▸ **TASK DIRECTIONS**
The required output holds only the lines from the one containing "Ghế nhựa đúc" through the end of the material below, copied exactly, please, with no pictures.

▸ **THE DATA**
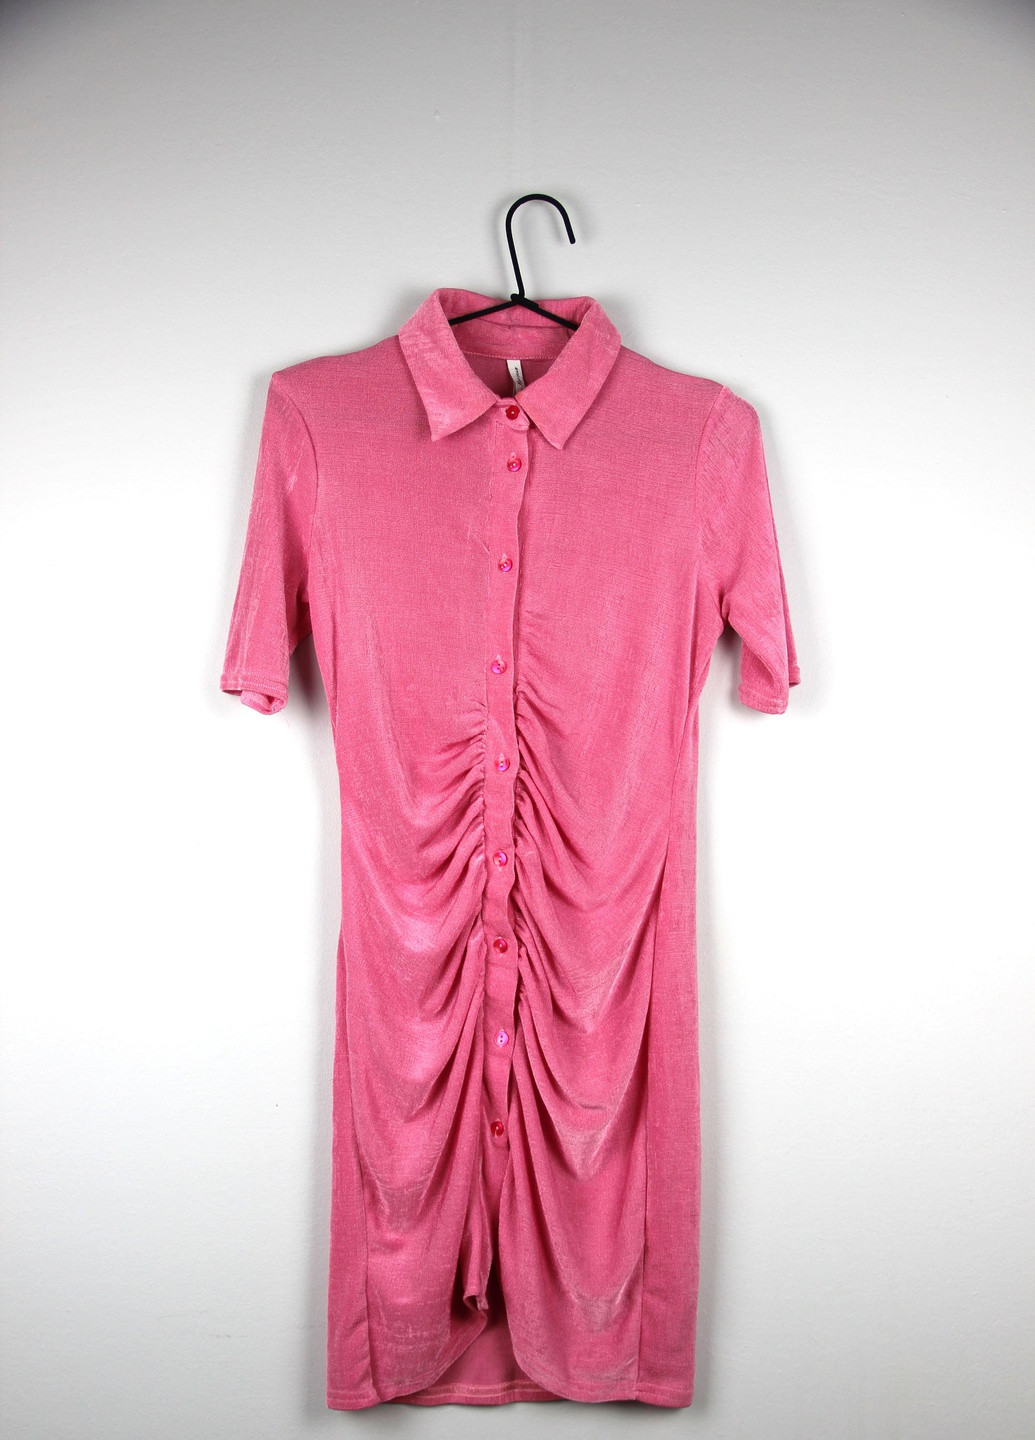 Розовое платье Asos
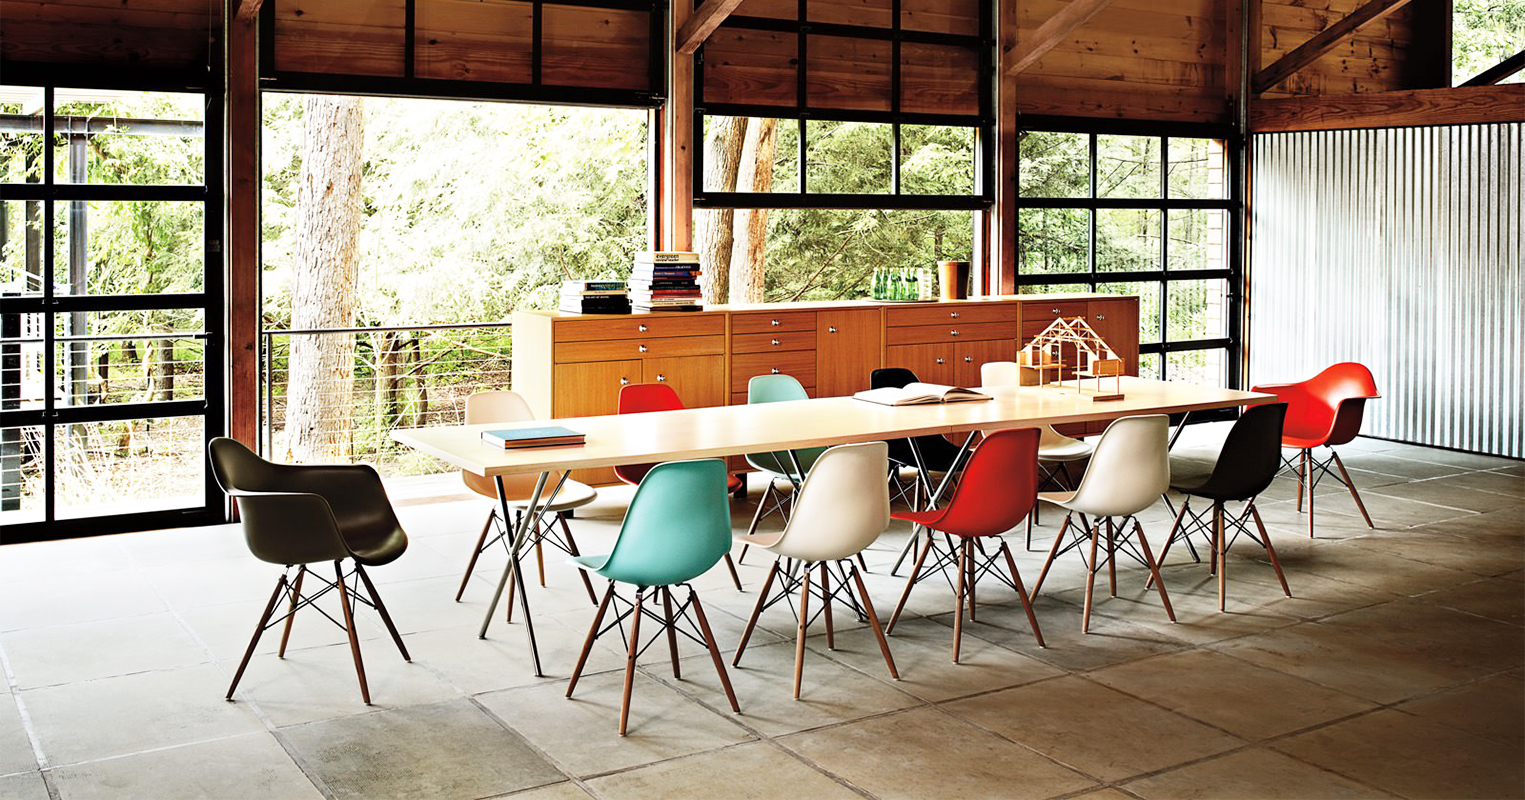 Ghế nhựa đúc chân gỗ phù hợp với nhiều không gian quán ăn, cafe, nhà hàng
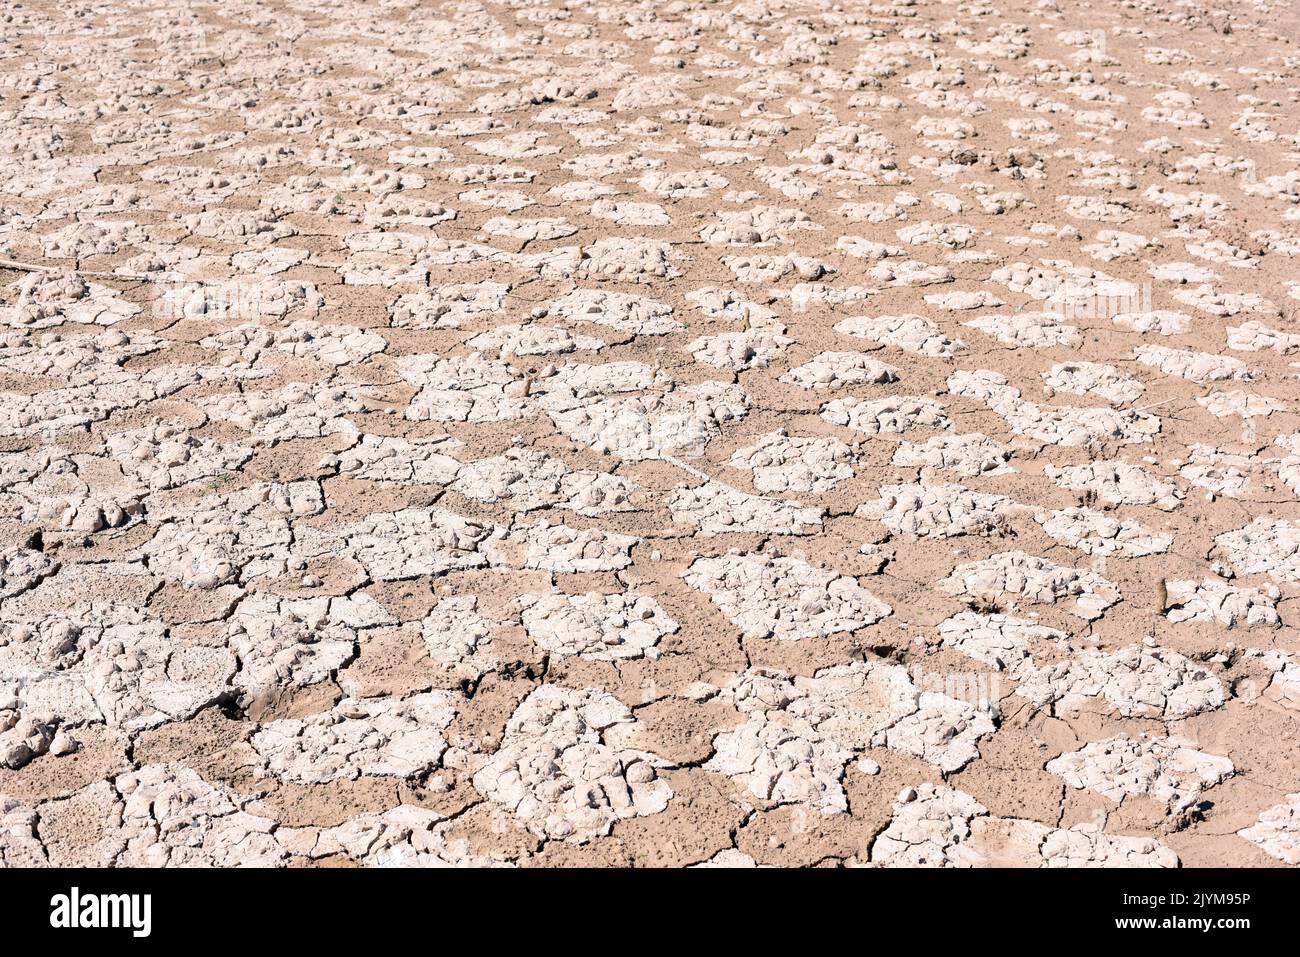 Tierra seca, cuarteada, debido a la sequía, producido por el cambio climático Stock Photo
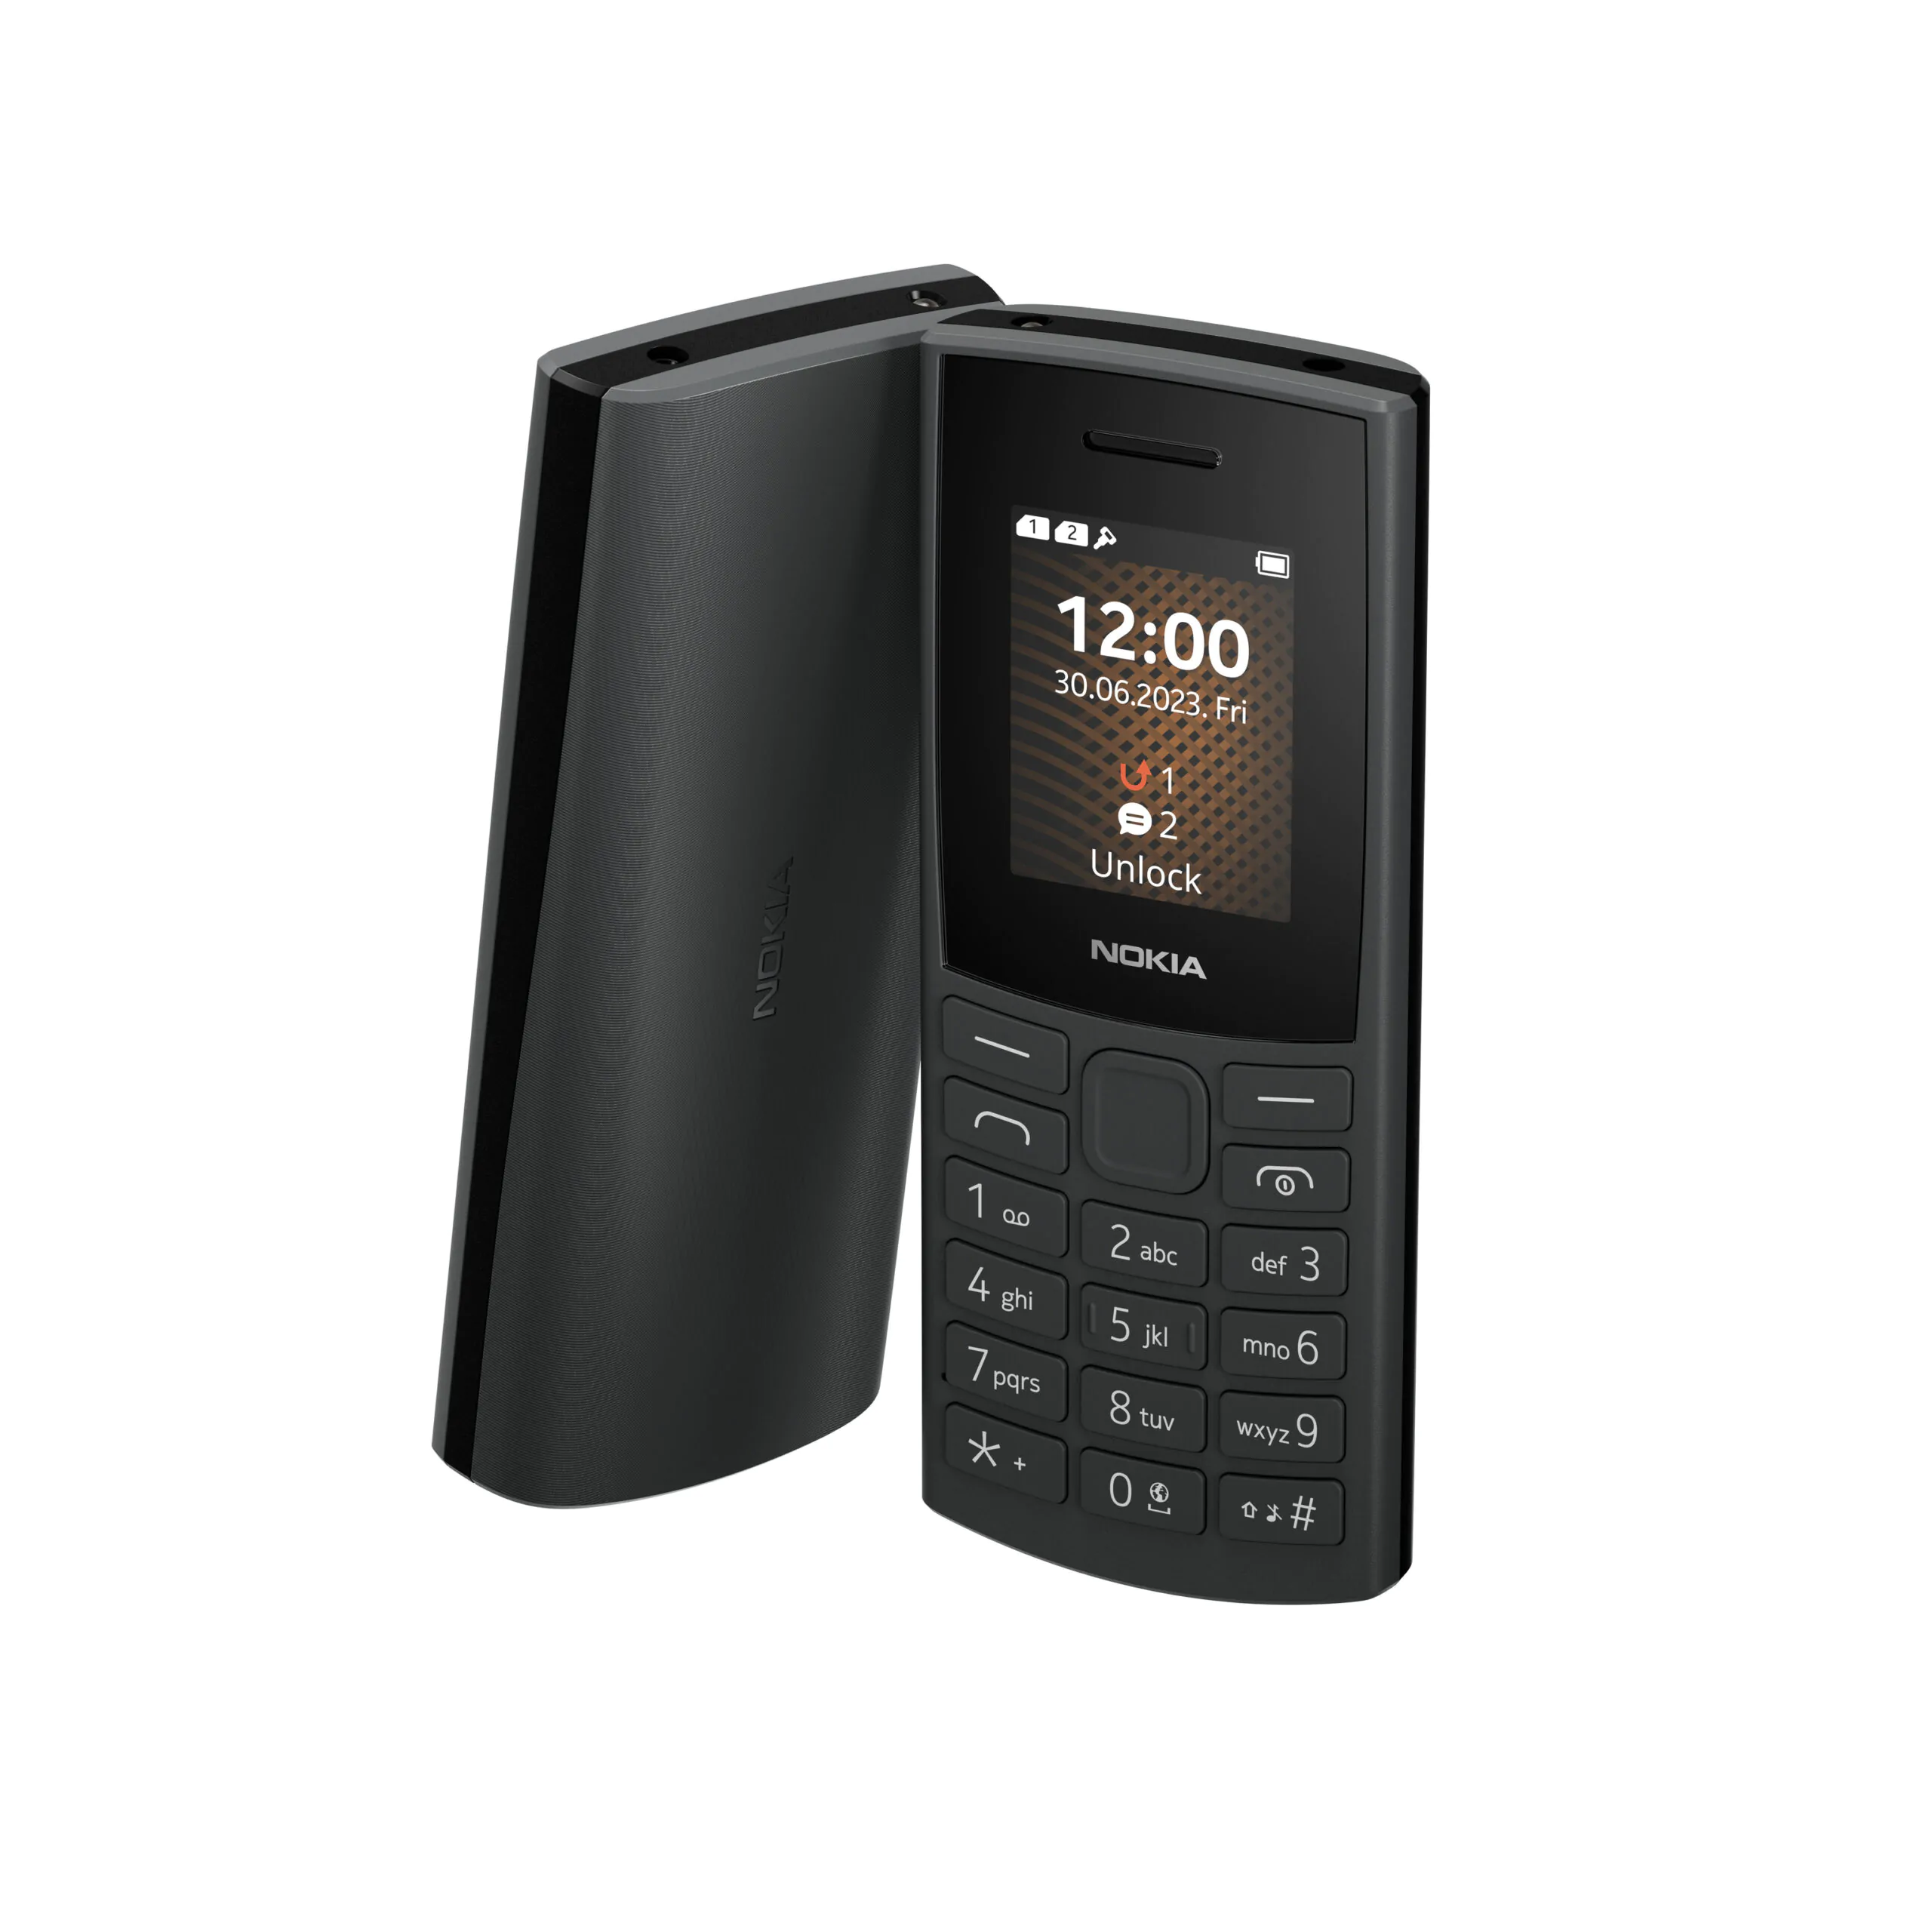 Nokia 105 4G 3 scaled | Nokia 105 4G | โนเกียส่งฟีเจอร์โฟน 2 รุ่นใหม่ Nokia 110 4G และ 105 4G ตอบรับมือถือปุ่มกดยังมีดีมานด์

▸ **EXPECTED ANSWER**
 Ghế nhựa đúc chân gỗ phù hợp với nhiều không gian quán ăn, cafe, nhà hàng
 Tierra seca, cuarteada, debido a la sequía, producido por el cambio climático Stock Photo
 Nokia 105 4G 3 scaled | Nokia 105 4G | โนเกียส่งฟีเจอร์โฟน 2 รุ่นใหม่ Nokia 110 4G และ 105 4G ตอบรับมือถือปุ่มกดยังมีดีมานด์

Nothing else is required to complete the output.